Enter David Langenfeld, a cook who stands 6 feet 5 inches tall. He put his arms around d’Aguiar and deftly performed the Heimlich, dislodging the chunk of food from the woman’s throat.

Paramedics arrived moments later, but Earnest credits Langenfeld with saving her mother’s life.

Famous Dave’s manager Ken Adams, who tried to dislodge the food before Langenfeld came out, agrees. For the past couple of days he’s been ribbing the shy cook by playing “Holding Out for a Hero” on the music system when Langenfeld walks into the kitchen.

How does Langenfeld react?

“He’s like, ‘I’m just David, Ken,’ ” Adams said.

Langenfeld, who had never before used the Heimlich on a choking person, said he was full of adrenaline and relieved when the chunk of food came out. Customers applauded.

“It was a lot to take in all at once, so I just said, ‘OK, I’ve got to go,’ and went back to the kitchen,” he said.

D’Aguiar, 74, is still shaken up and wary of eating, but she is recovering, her daughter said. She’s also sore from repeated Heimlich attempts by several people; Earnest estimates the process took eight to 10 minutes.

The experience was terrifying for the whole family, but Earnest said she was surprised and relieved by the kindness people in the restaurant showed.

“The manager called me twice yesterday — really caring — and wants my mom to come back and give her a really nice dinner comped,” she said.

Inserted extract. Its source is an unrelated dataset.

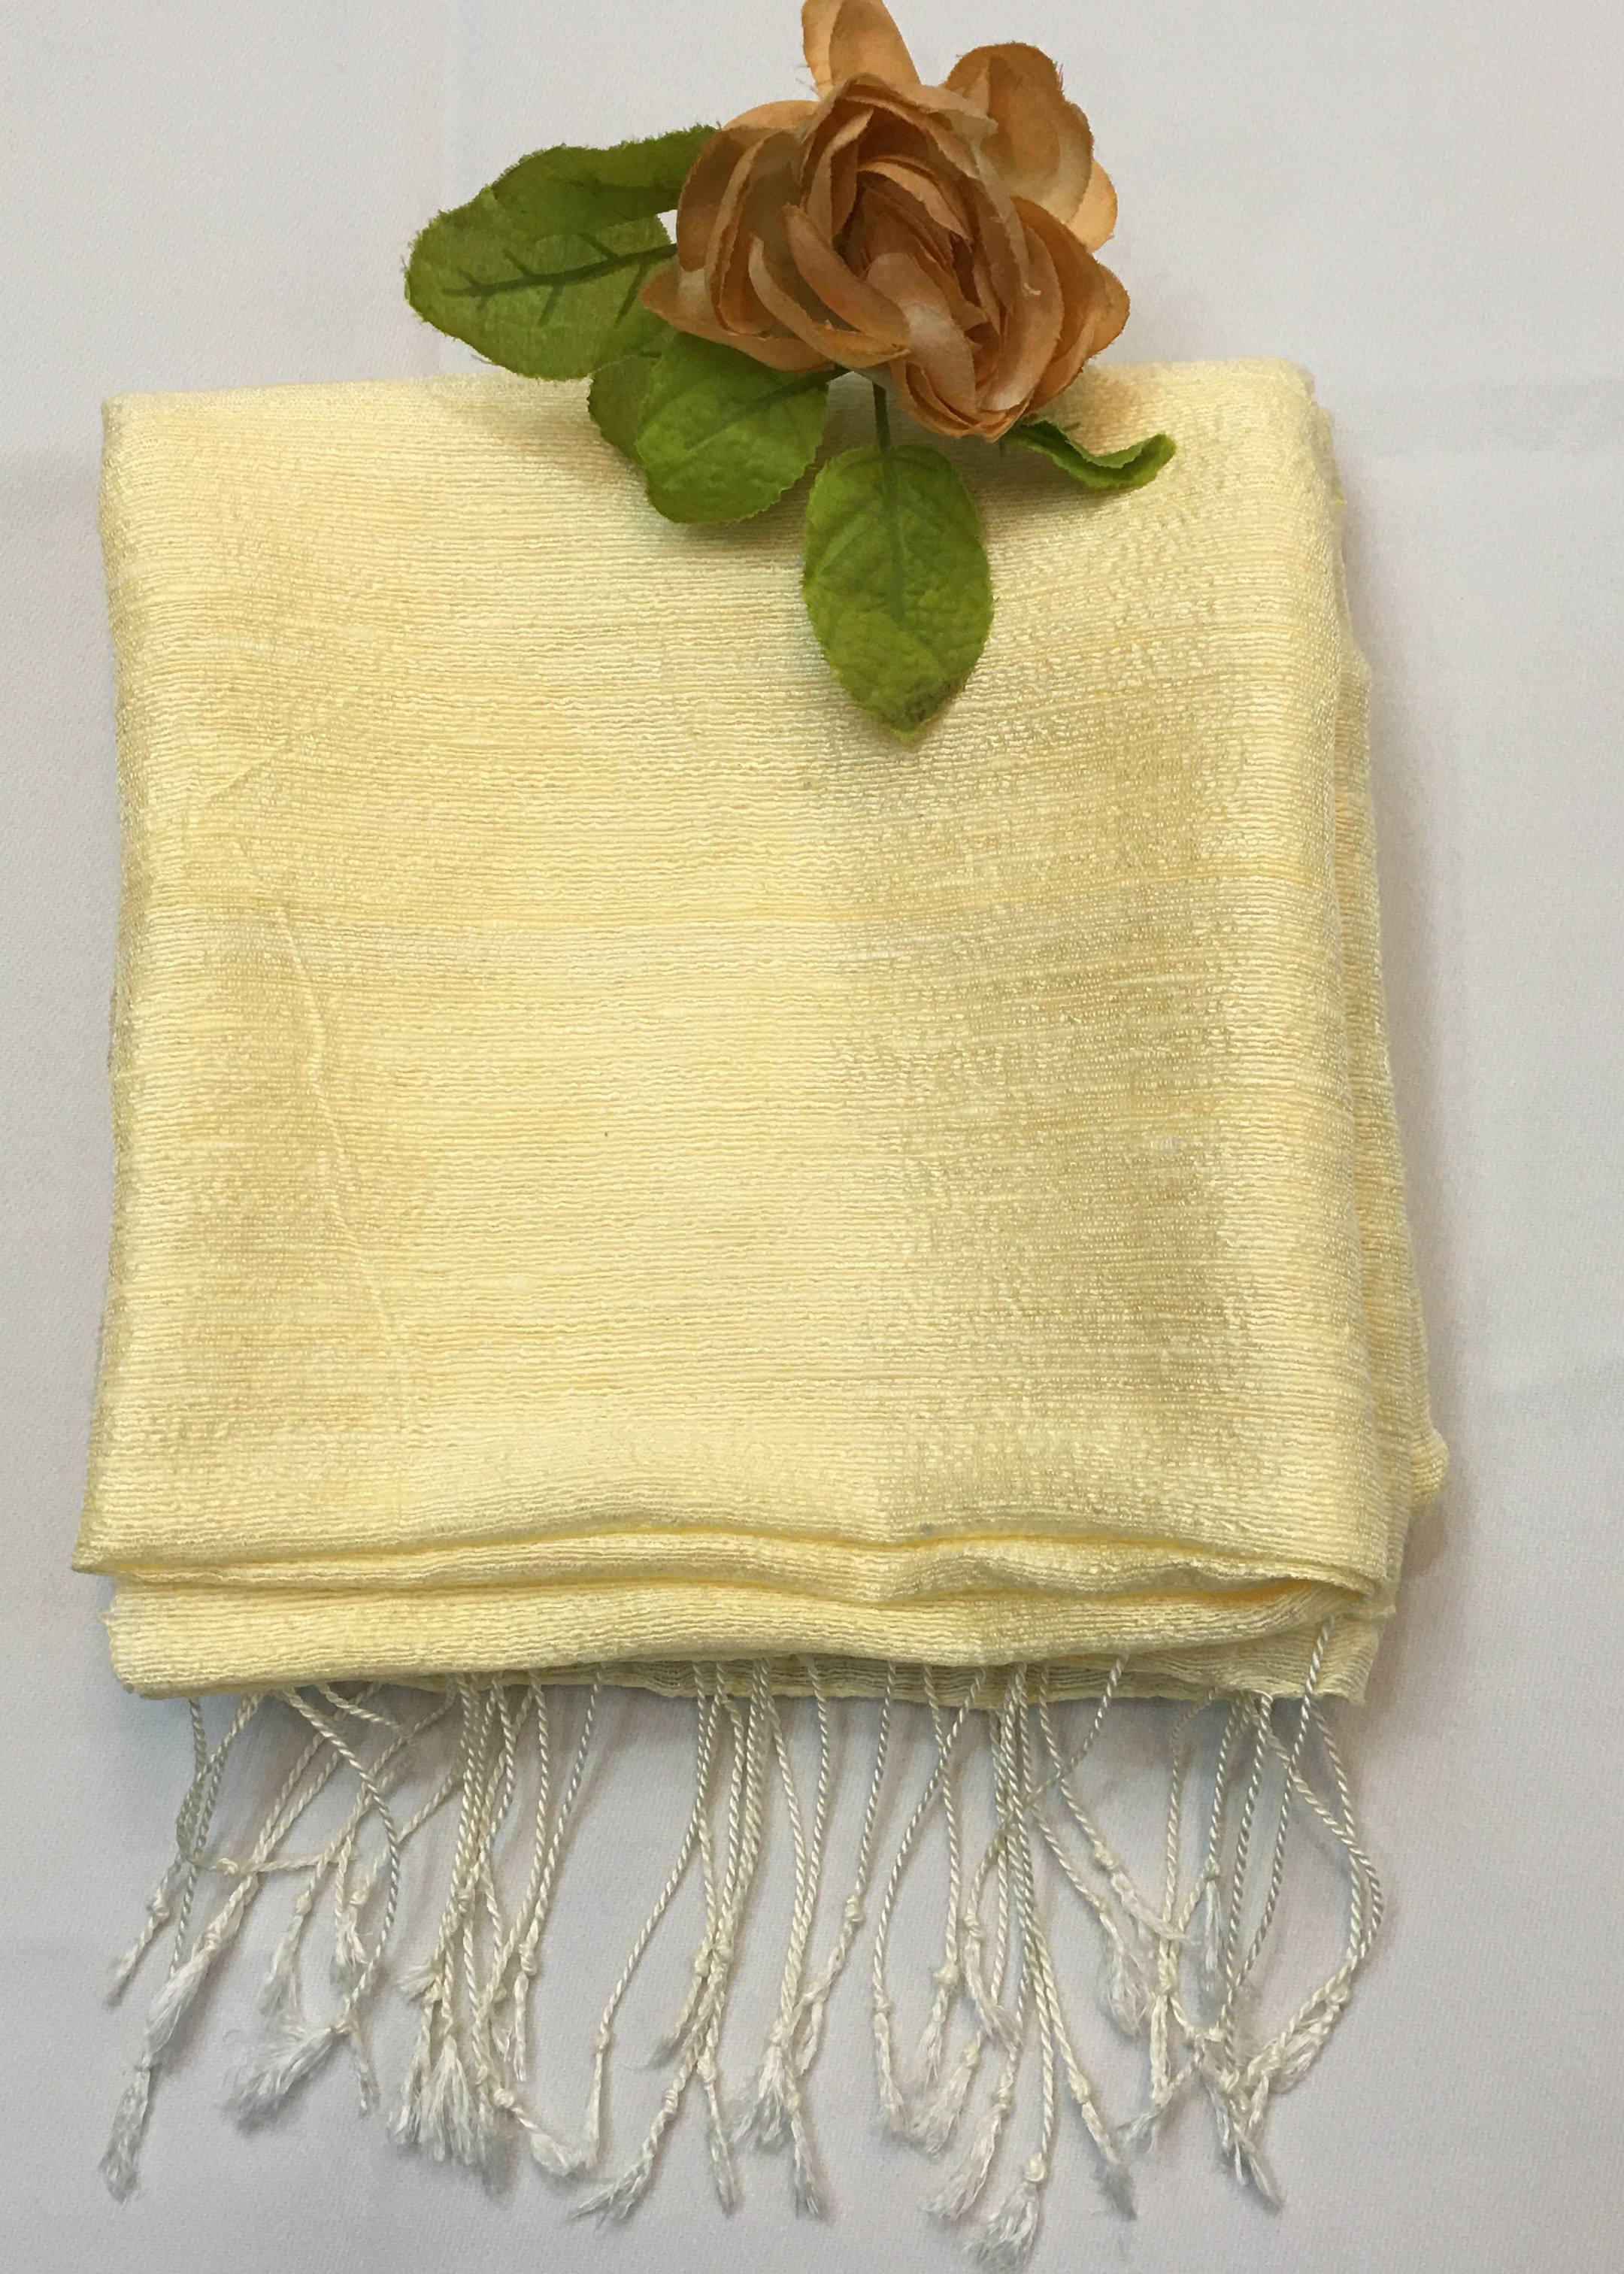 Khăn choàng đũi tơ tằm thiên nhiên, không nhuộm màu, kt 80x180cm, khăn choàng 100% tơ tằm, quà tặng cao cấp, khăn choàng đẹp, khăn tơ tằm màu tự nhiên, hàng thủ công Việt Nam

Earnest, who works in an operating room at St. Luke’s Regional Medical Center in Boise, said she was impressed by the rapid-fire, organized response to this emergency by the staff and customers. She fired off a letter to the editor praising the restaurant staff; it ran in Friday’s Statesman.

“If you’re in a hospital you expect that kind of response,” she said Friday afternoon. “In a restaurant, you don’t.

“The empathy factor is, I think, what’s missing in our society. It was just that human compassion was there. ... It was good to feel that in today’s world. I feel recharged.”